The Self-Fulfilling Expectations Theory of Inflation (SFETI) claims workers who expect higher prices will “demand” higher wages. Why not always demand higher wages? Because it only works if you and your boss suspect you could earn more by quitting and working somewhere else. Such a tight job market would be a description of local facts, not national expectations.
SFETI theorists claim companies with higher expected inflation can profitably charge more for goods and services to cover any added labor or materials costs. But higher prices reduce sales. If any business is charging less than the price that would maximize profits, why wait for changing expectations about national inflation to charge whatever the market will bear? A seller’s market for any specific type of good depends on market-specific facts, not national opinions. And paying more for some things (used cars) leaves consumers with less income left over to spend on other things.
With higher inflation expectations and a thousand dollars you can spend exactly as much as with low expectations at a thousand dollars.

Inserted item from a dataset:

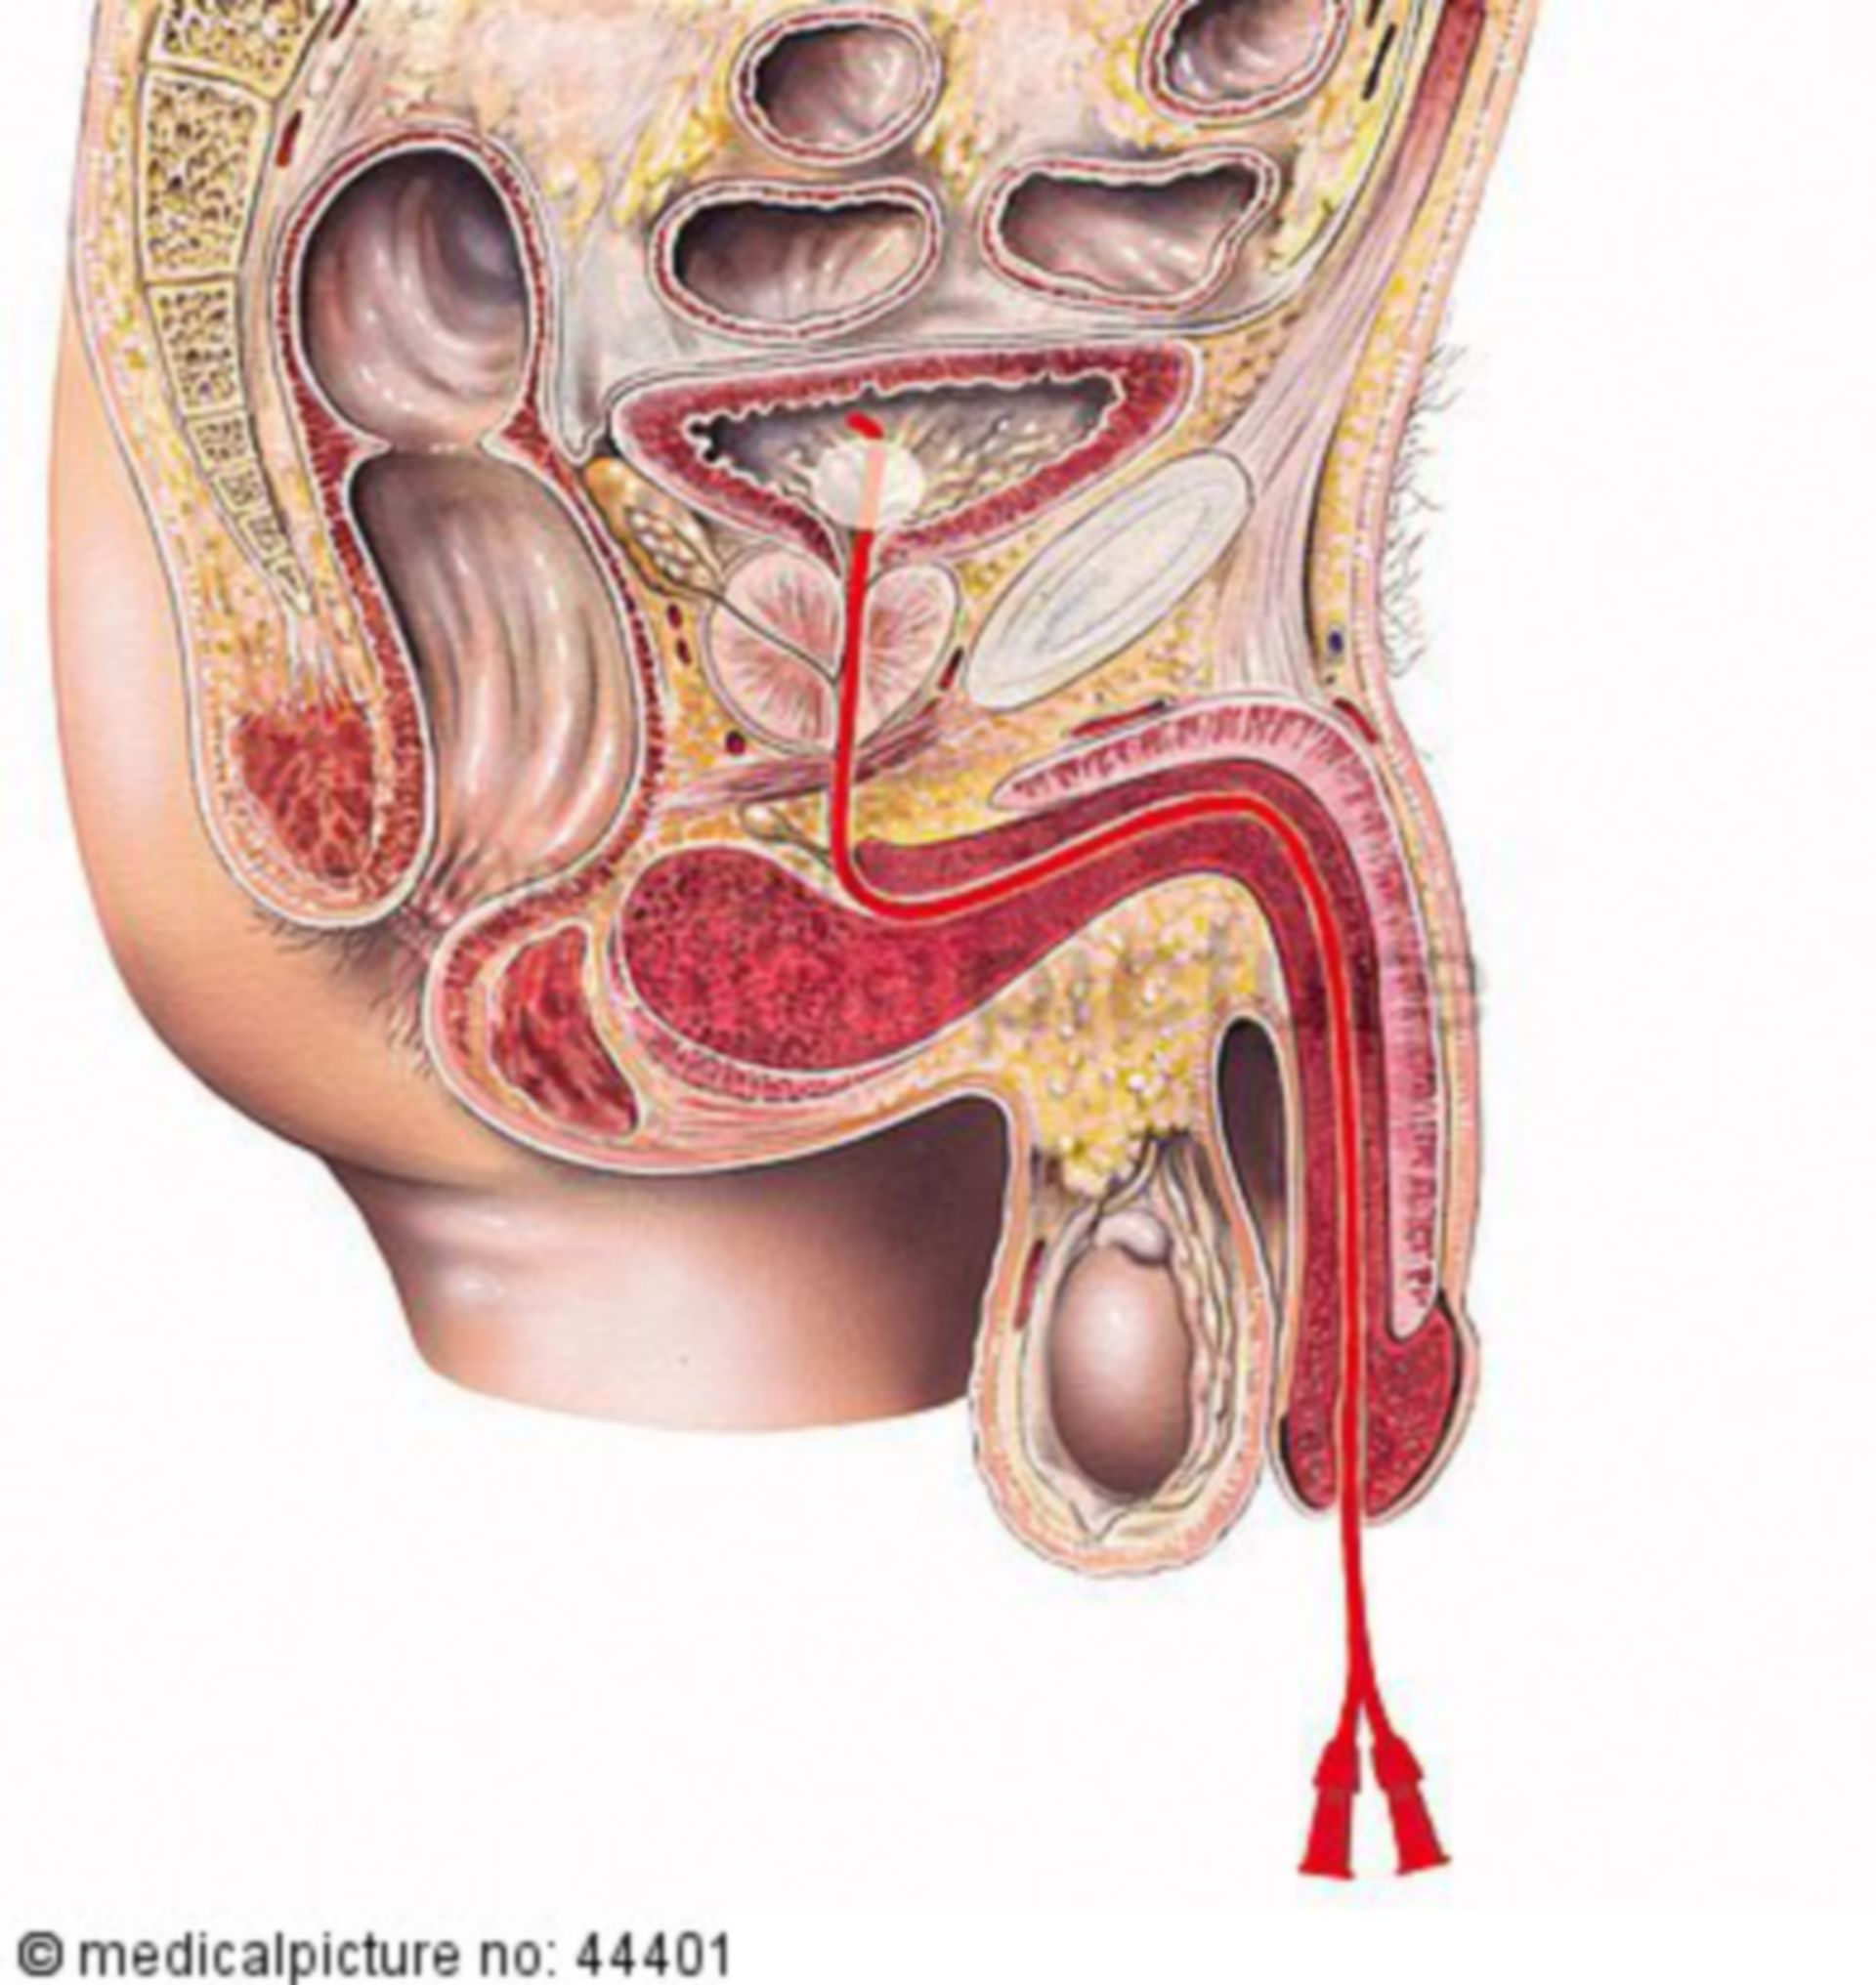 Catéter urinario en un hombre
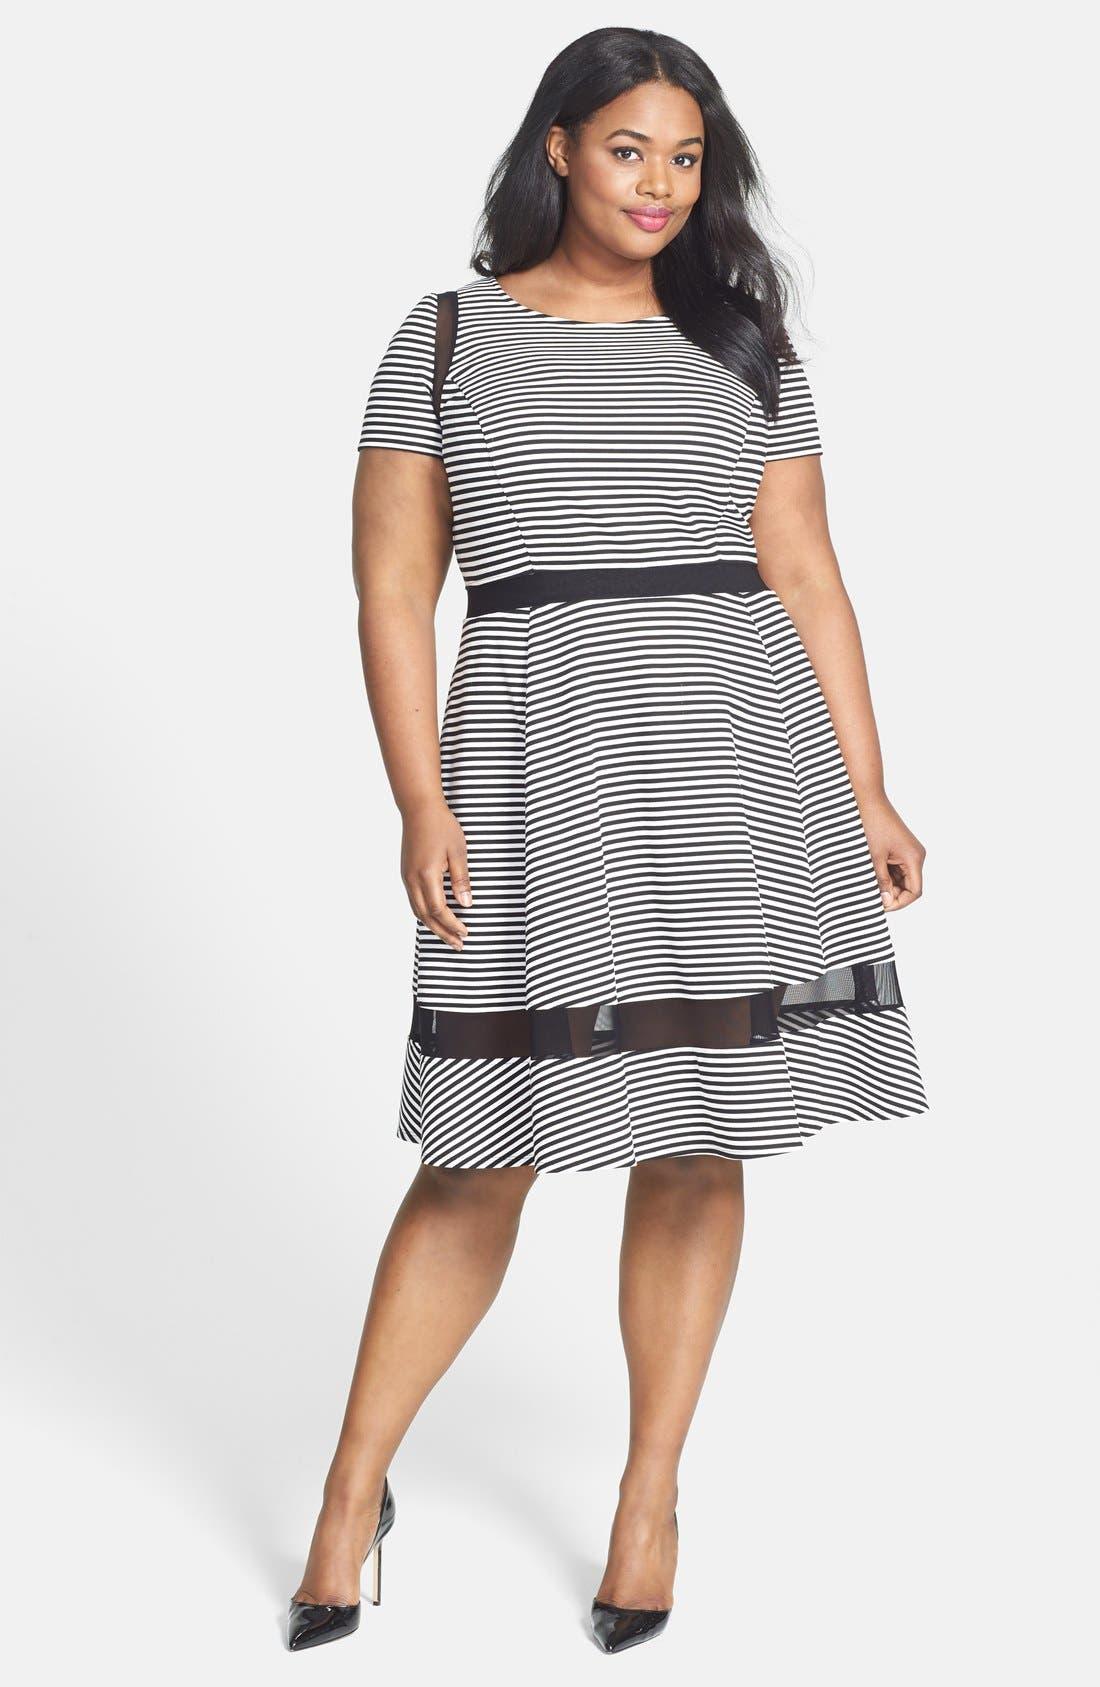 Alternate Image 1 Selected - ABS by Allen Schwartz Mesh Inset Stripe Fit & Flare Dress (Plus Size)

You might spend it faster, but then you will end up with less to spend later so the early demand surge would peter out. You might borrow to spend more than you have, but then you will end up buying less rather than more because a chunk of your future income will go for interest payments to the bank.
A Self-Fulfilling Expectation Theory of Inflation is not logically compelling. At the least, it requires a real-world example. Greg Ip offers one. He claims that “Back in the 1970s, expectations were poorly anchored so oil shocks in 1973 and 1979 fed into broader inflation, forcing the Fed to raise interest rates sharply.”
On the contrary, my second graph shows that the CPI excluding energy was accelerating long before crude oil prices spiked in January 1974 and again in 1979. Dollar prices of all internationally traded commodities — not just oil — rose sharply when the dollar fell by 15.9% against other G‑10 countries from 1971 to 1973 and later by 15.5% from 1977 to 1980.